Intervista a Jorge Luis Borges

Intervistatore
  • Che cosa ne pensa di Internet?
Borges
  • Internet è certamente un passo avanti e mi sento di dire una parola di incoraggiamento a Wikipedia. Però siamo lontanissimi da ciò che avevo descritto nel mio dossier "La biblioteca di Babele".
  • Come ricorderà, in questa biblioteca i volumi hanno tutti lo stesso numero di pagine e di caratteri, ma ogni volume contiene una diversa combinazione delle 25 lettere dell'alfabeto.
  • Poiché sono realizzate tutte le combinazioni possibili, risulta che nella biblioteca esiste tutto su tutto, il passato, il presente e il futuro, tutto ciò che potrà mai essere pensato.

Intervistatore

  • Però, se permette, da un semplice calcolo risulta che il numero dei volumi di questa biblioteca è pari a 25 elevato a 650.000.
Borges
  • E allora?

Intervistatore

  • Il numero di atomi dell'universo, il cosiddetto numero di Eddington, è circa 10 elevato a 80.
Borges
  • Balle, li conti meglio

Intervista a Ray Bradbury

Intervistatore
  • Il suo racconto più famoso, "Fahrenheit 451", è ancora attuale?
Bradbury
  • Più che mai.
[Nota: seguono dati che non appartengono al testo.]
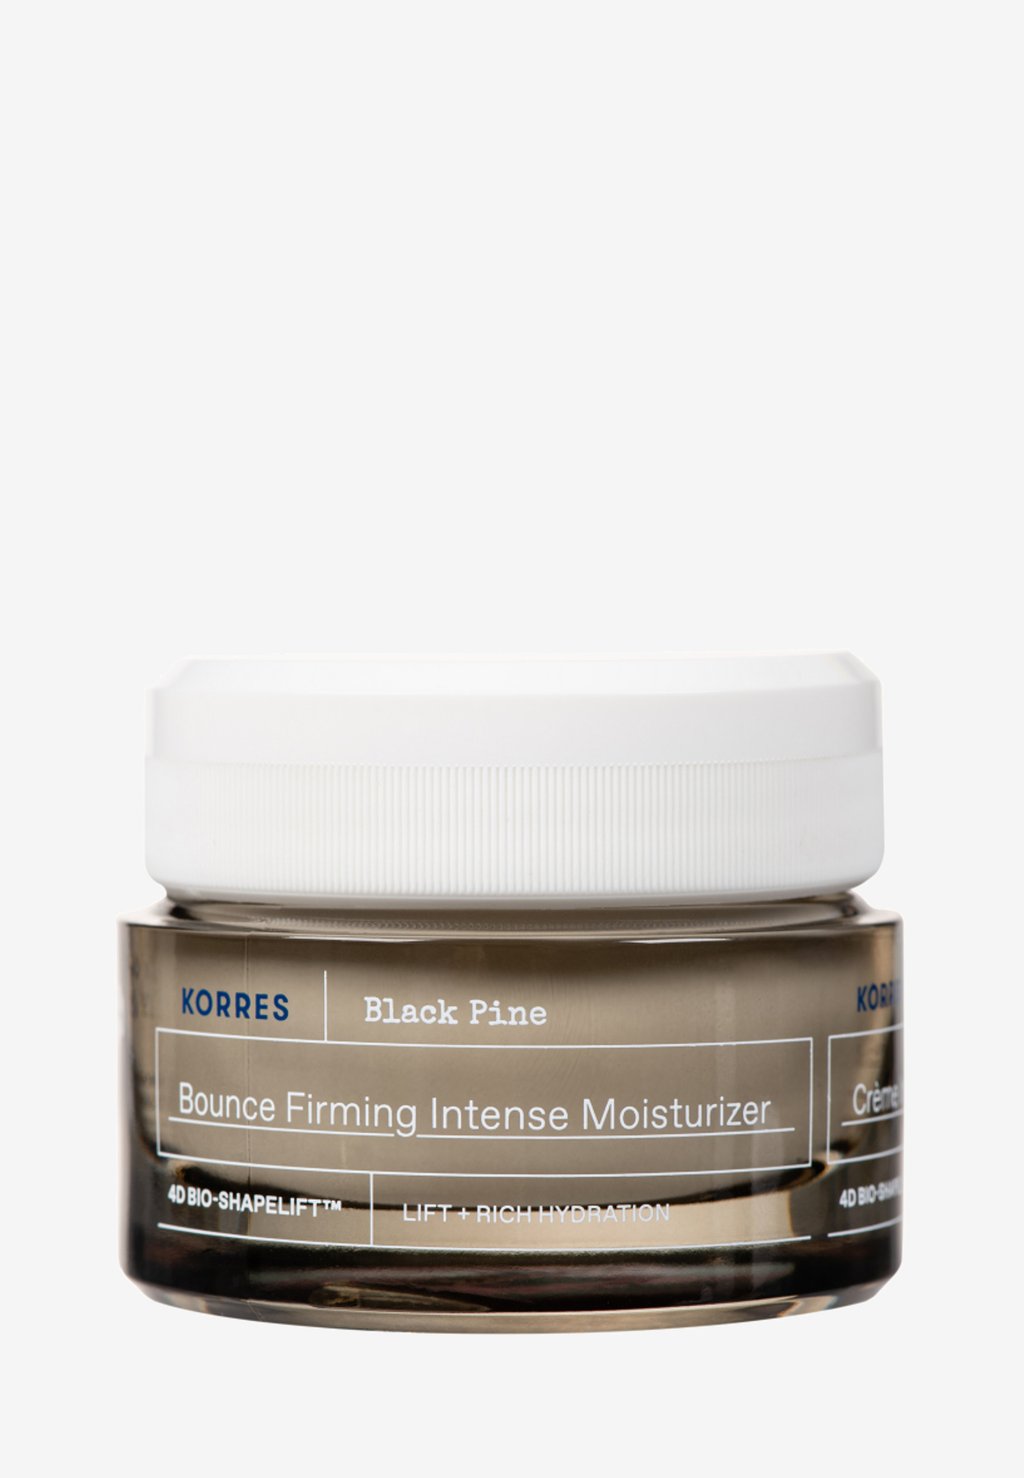 Дневной крем Black Pine 4D Bioshapelift Bounce Firming Intense Moisturizer ( KORRES, цвет neutral

I libri vanno bruciati, la carta deve essere bandita.
  • I cittadini rispettosi della legge devono usare la televisione per istruirsi, informarsi e vivere serenamente.

Intervistatore

  • Lei sarà quindi contento dell'avvento di Internet: non serve più la carta per trasmettere le informazioni.
Bradbury
  • Naturalmente. E sarebbe d'accordo anche il mio amico Orwell.

Intervista a Isaac Asimov

Intervistatore
  • Uno dei suoi racconti più noti è "Nove volte sette", in cui il protagonista diventa famoso perché sa fare a mente operazioni come questa.
Asimov
  • Per questo scritto sono stato accusato di essere un irresponsabile.
  • Che male c'è se non sappiamo più quanto fa nove per sette?
  • Basta andare su Internet, c'è la calcolatrice e si trova la risposta pronta.

Intervistatore

  • Si dice che così si disabitua l'uomo ad usare il proprio cervello.
  • Educatori e psicologi dicono che i giovani non conoscono più la differenza tra la lingua parlata e quella scritta.
  • Recentemente un famoso pedagogista ha scritto che Internet ha pastorizzato tutto.
Asimov
  • Esagerazioni.
  • E poi perché questo tizio ce l'ha tanto con la pastorizzazione?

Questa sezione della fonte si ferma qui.